11:00am: Medici Chapels
Medici Chapels - Michelangelo's New Sacristy
The Medici (being called the Godfathers of the Renaissance by a TV program) was the ruling family of Florence. The Medici Chapels contain tombs of the great rulers from the family. There are basically two “rooms” to see; the Chapel of Princes, and Michelangelo’s New Sacristy. When I was there, the whole Chapel of Princes was pretty much under restoration, so there weren’t much to see. Good thing that the New Sacristy was very much available for visit. This whole room, the tombs, the statues, all were designed by Michelangelo. This room houses four members of the Medici family, and Michelangelo actually knew three of them personally.

12:00pm: Walking to Piazza della Signoria
Piazza della Signoria - Ammanati - Neptune Fountain
Leaving Medici Chapels, I walked toward Piazza della Signoria (just north of Uffizi Gallery) There are plenty to see on the way and in the square itself. I have actually been through the whole way the day before, as I was walking from Duomo to Uffizi Gallery; I just didn’t have a chance to stop and look at each sculpture on the way. In fact, Piazza della Signoria is where you can find the replica of Michelangelo’s David. It made me wonder if it was really necessary to see the real thing in Accademia (Of course it was necessary, this replica is noticeably newer and whiter)

2:00pm: Santa Croce Church
Piazza Santa Croce and the Church
By early afternoon, I have actually visited all the places that I planned ahead of time. Of course there are still plenty to see in Florence, so I decided to visit a few more places for the afternoon. First is the Santa Croce Church, one of Florence’s biggest and oldest churches. I was on the outside of the church the day before, when I was wandering around before my Uffizi Gallery visit. The facade of this church looks just as nice as the one for Santa Maria Novella.
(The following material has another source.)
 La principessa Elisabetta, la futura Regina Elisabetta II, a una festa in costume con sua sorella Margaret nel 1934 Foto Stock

There was not construction work going on in front of it, but there was a cricket game going on (they have community events going on; they had outdoor ping-pong the next week.) Inside, the church has a couple tombs of important historical figures (Galileo and Michelangelo), and there are some interesting artworks from medieval period.
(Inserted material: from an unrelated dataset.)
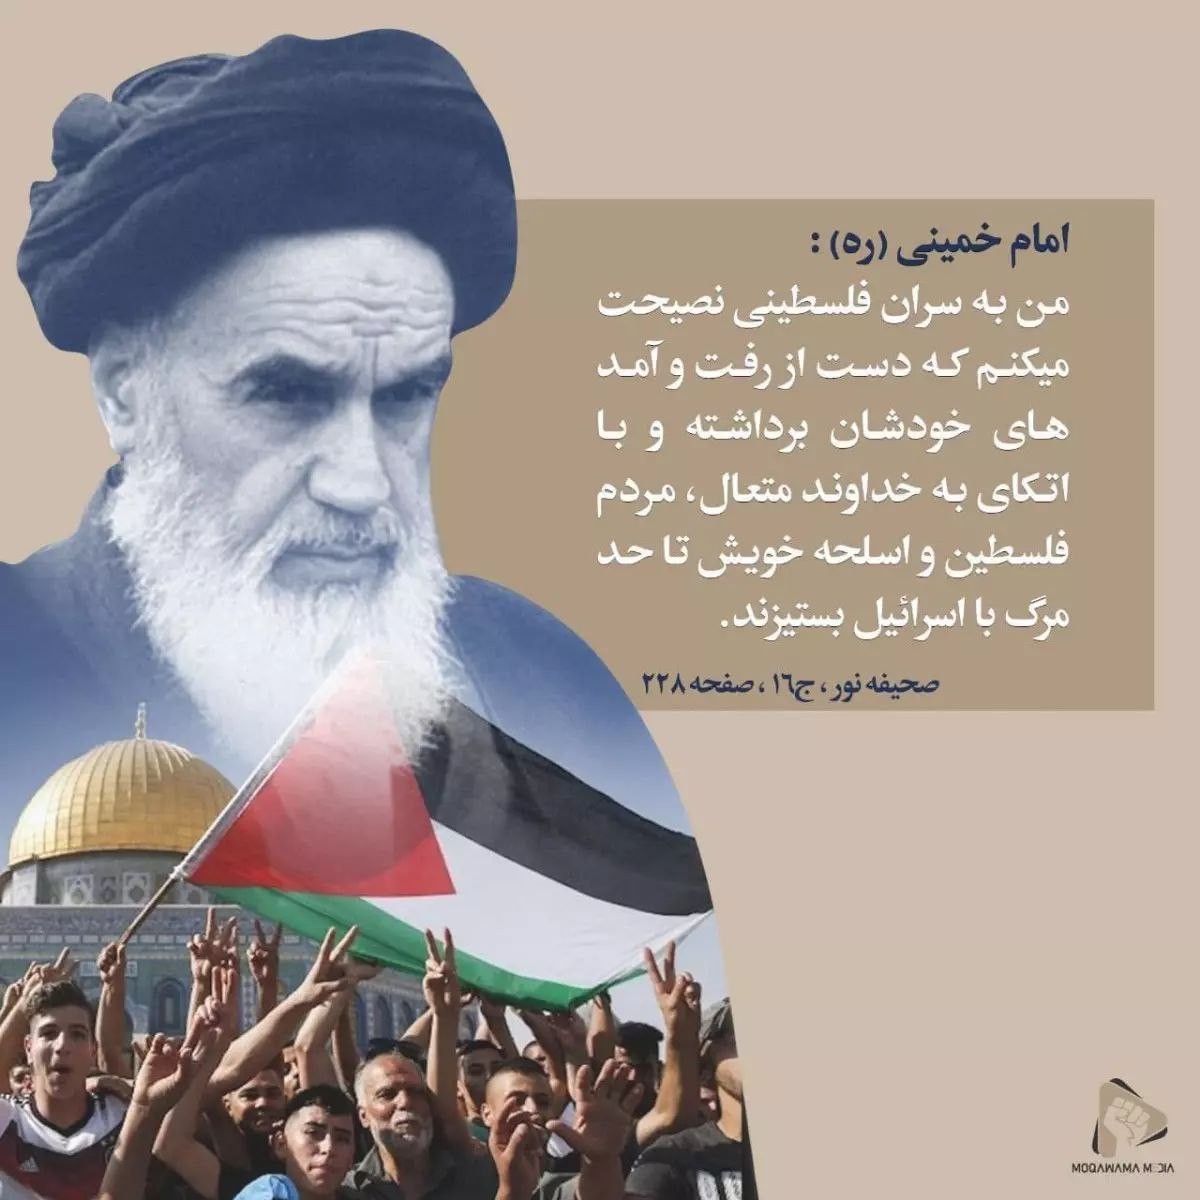 امام خمینی : من به سران فلسطینی نصیحت میکنم

3:30pm: Piazzale Michelangelo and San Miniato Church
San Miniato Church
When I was planning for this trip, I didn’t think I would be going to the Piazzale Michelangelo. I thought it was too far from the city center, and I didn’t think I have much energy left after all that walking. Well, it was still relatively early in the afternoon, so I could take my time and wander around toward that square. The square Piazzale Michelangelo is known for the view of the city because it is situated on a hill. Going further up-hill a little bit is the San Miniato Church. I enjoyed this church more than the other ones, even though it does not have as much artwork to see. It just feels a little more intimate and calm feeling, mainly because it is not in the city center.

6:00pm: Trattoria Zaza
Trattoria Zaza
Before going back to the hotel, I walked back to city center from Piazzale Michelangelo (a good 30 min walk) for dinner. The restaurant is called Trattoria Zaza, right next to the Trattoria Mario that I visited for lunch before. The best thing about this restaurant is that it serves food the whole day, as most restaurants don’t open between lunch time and dinner time (and dinner time is usually pretty late) I ordered Ravioli with mushroom as my first course, and beef tripe as my second course. I actually overlooked the word tripe, so it caught me by surprise not to see a dish of normal beef. I actually have seen some street vendors selling beef tripe sandwiches (even in Chinese signs) so I guess it is a local favorite. It was quite delicious, but the dish was huge, and I can barely finish it.